PROBLEM STATEMENT:
Each line from the one holding "Medium Nike Sports" to the last line below must be restated word for word, and no picture may be included.

RAW DATA:
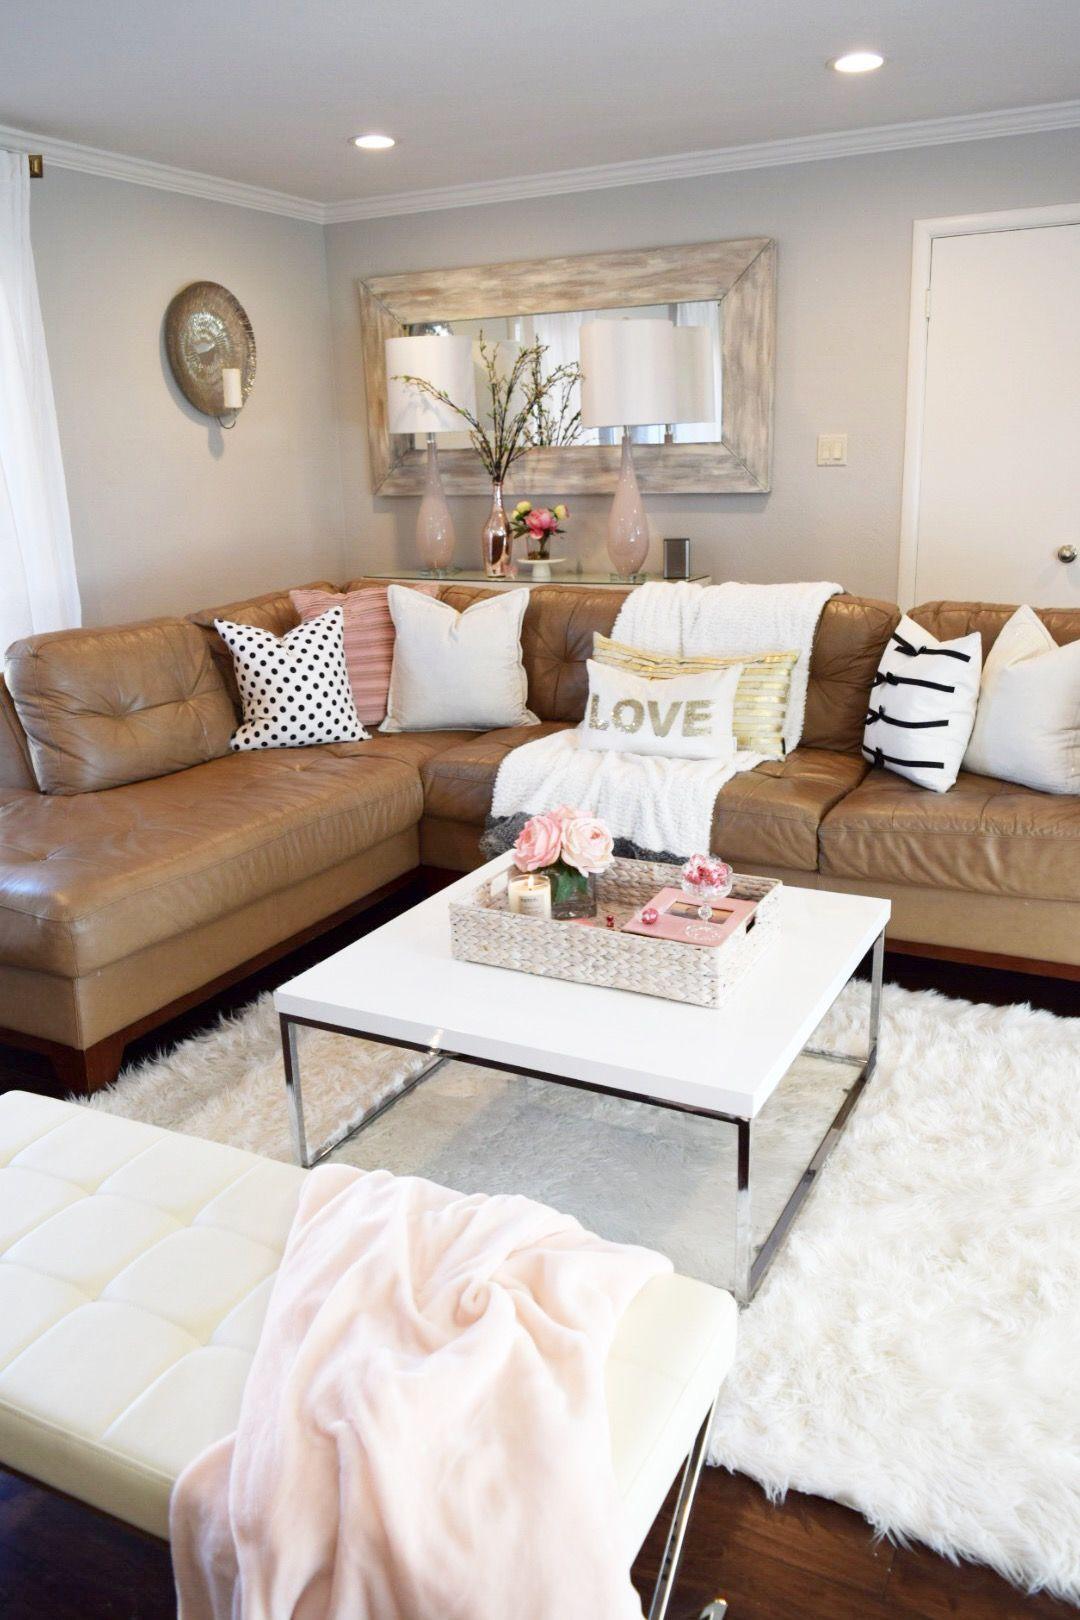 Tan Couch Living Room Tan Couch Living Room Brown Couch Living Room Couch Decor
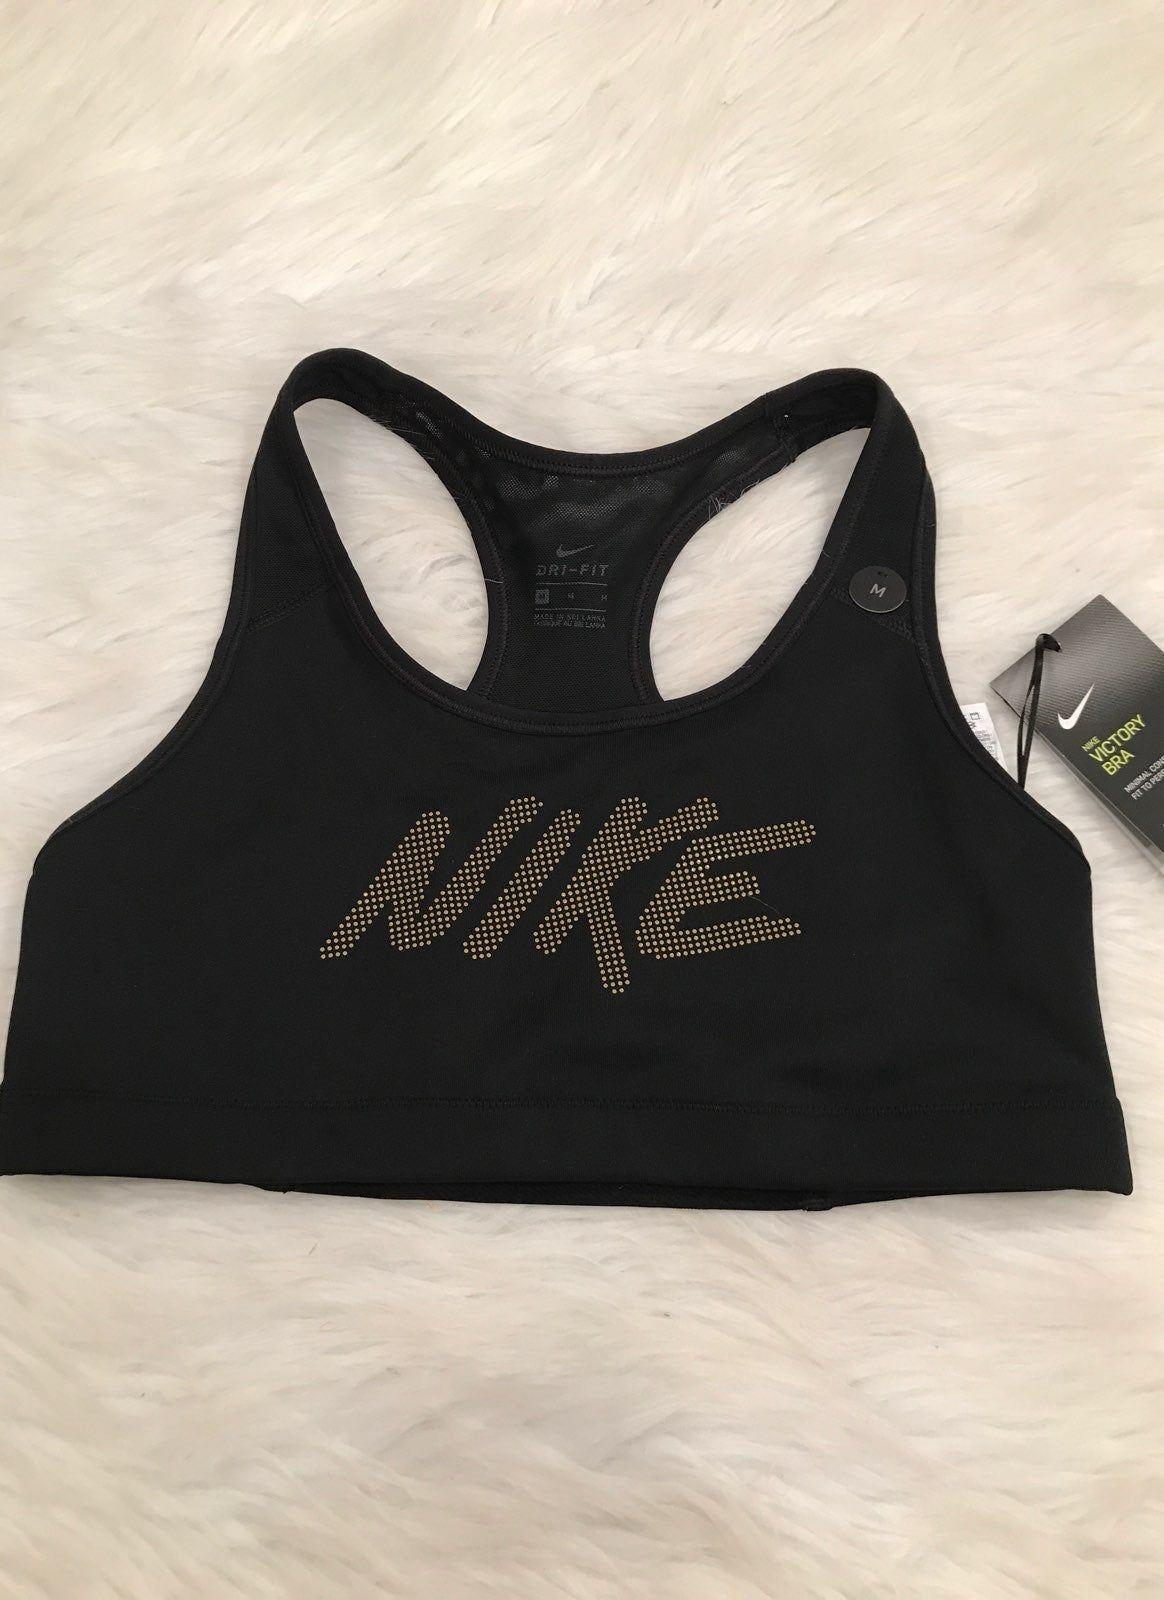 Medium Nike Sports Bra on Mercari Nike sports bra
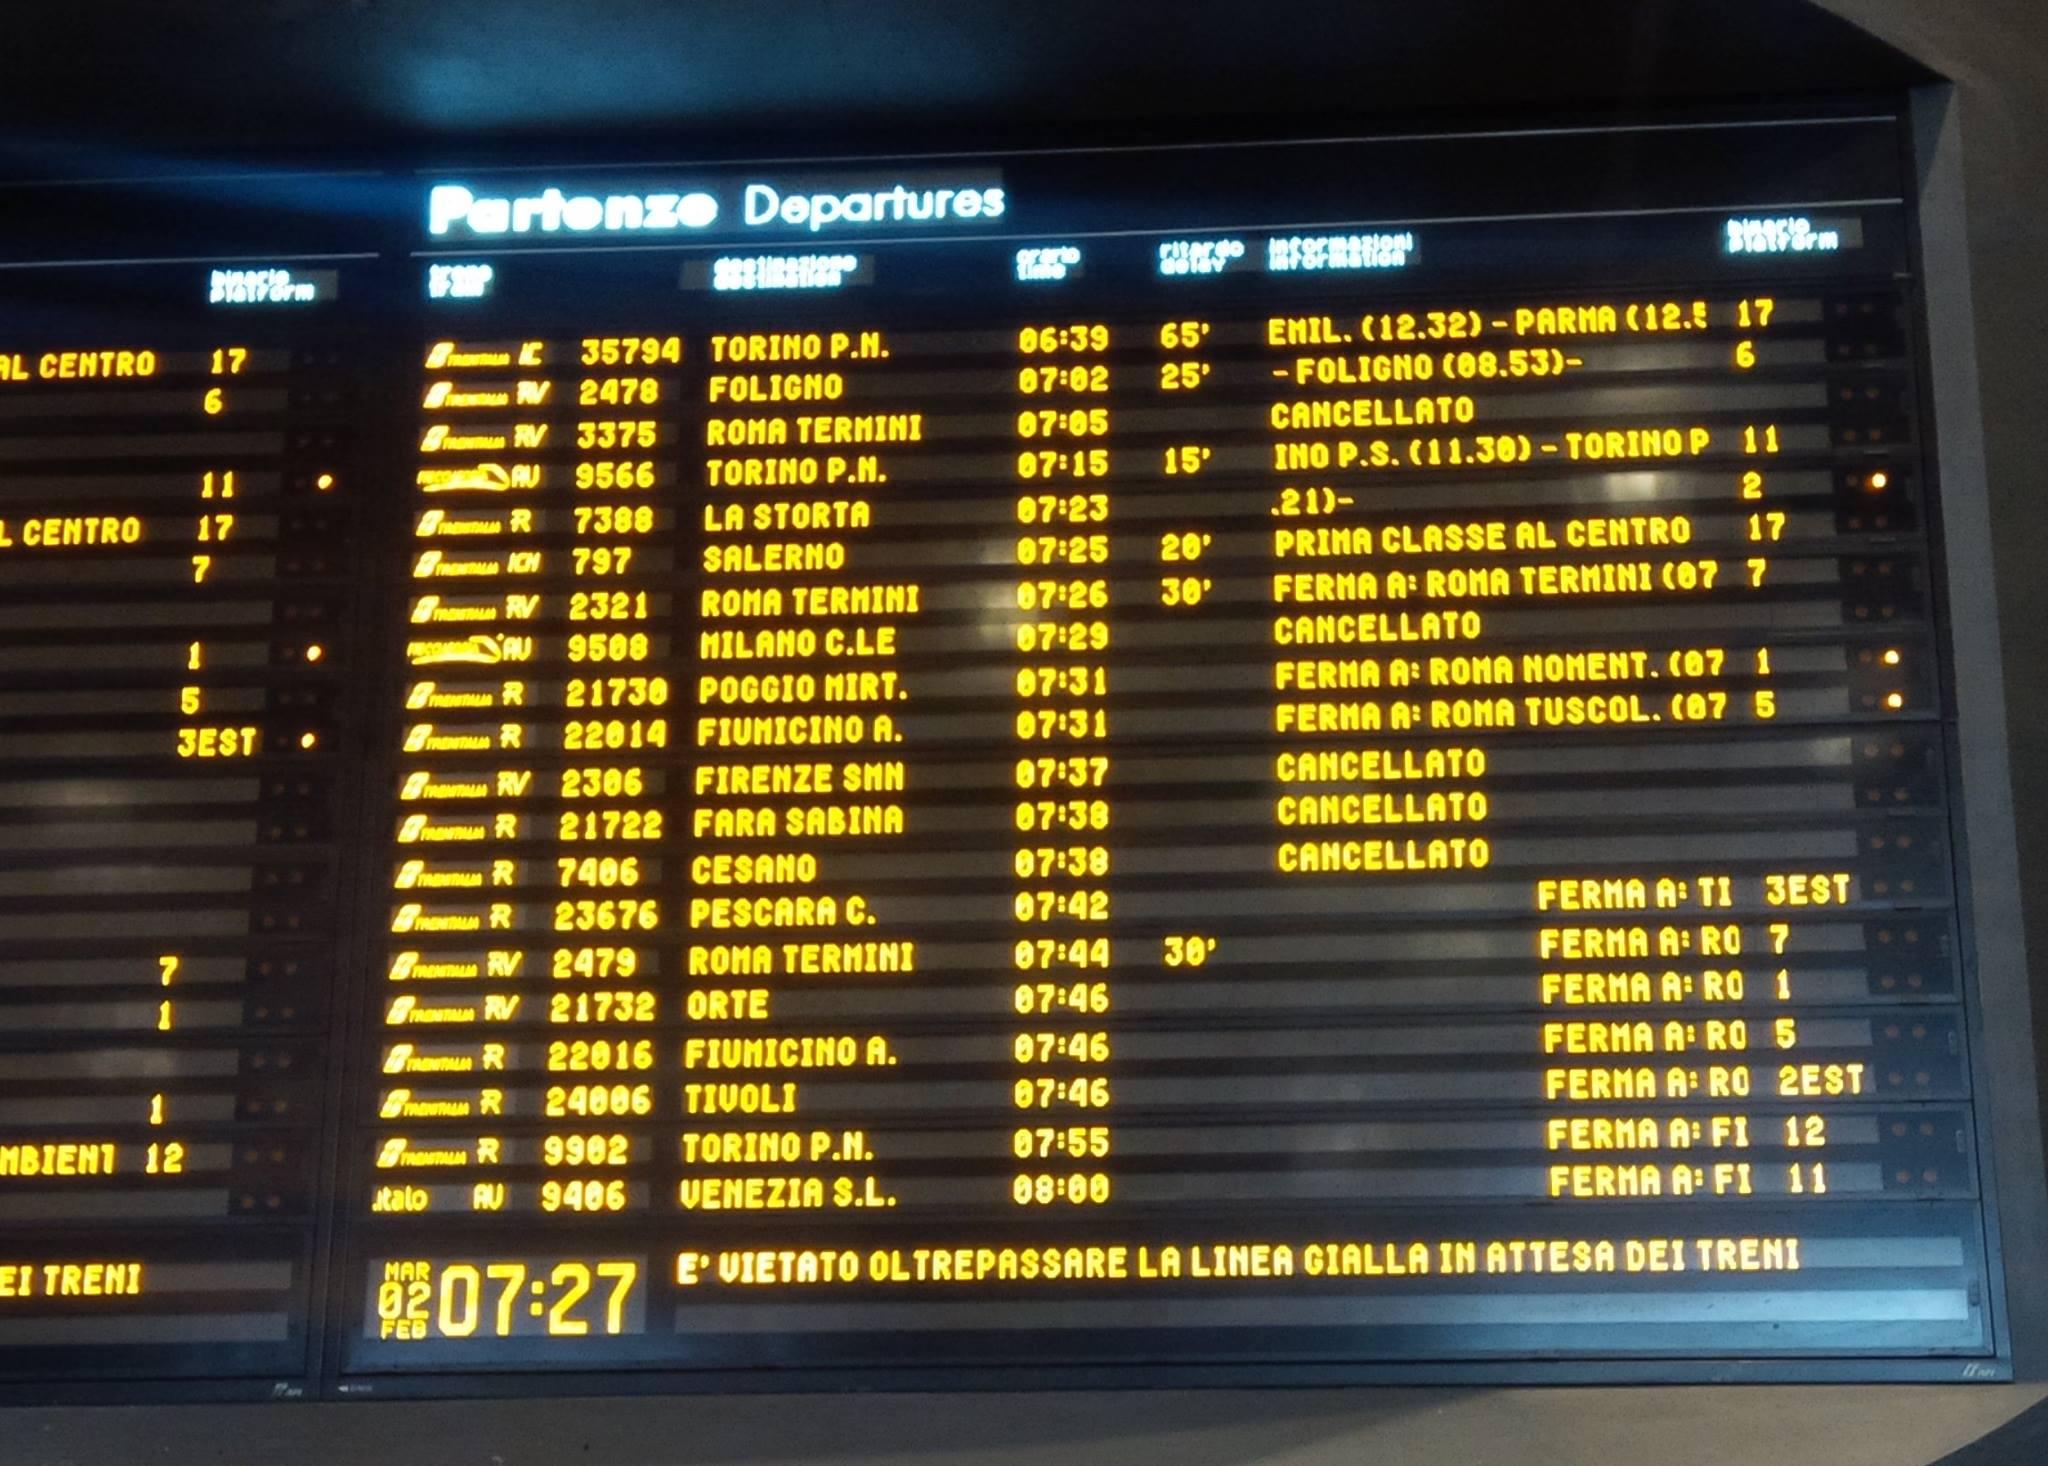 Ferrovie, ritardi per i regionali e giornata di passione per i passeggeri

RESULT OF THE EXERCISE:
 Medium Nike Sports Bra on Mercari Nike sports bra
 Ferrovie, ritardi per i regionali e giornata di passione per i passeggeri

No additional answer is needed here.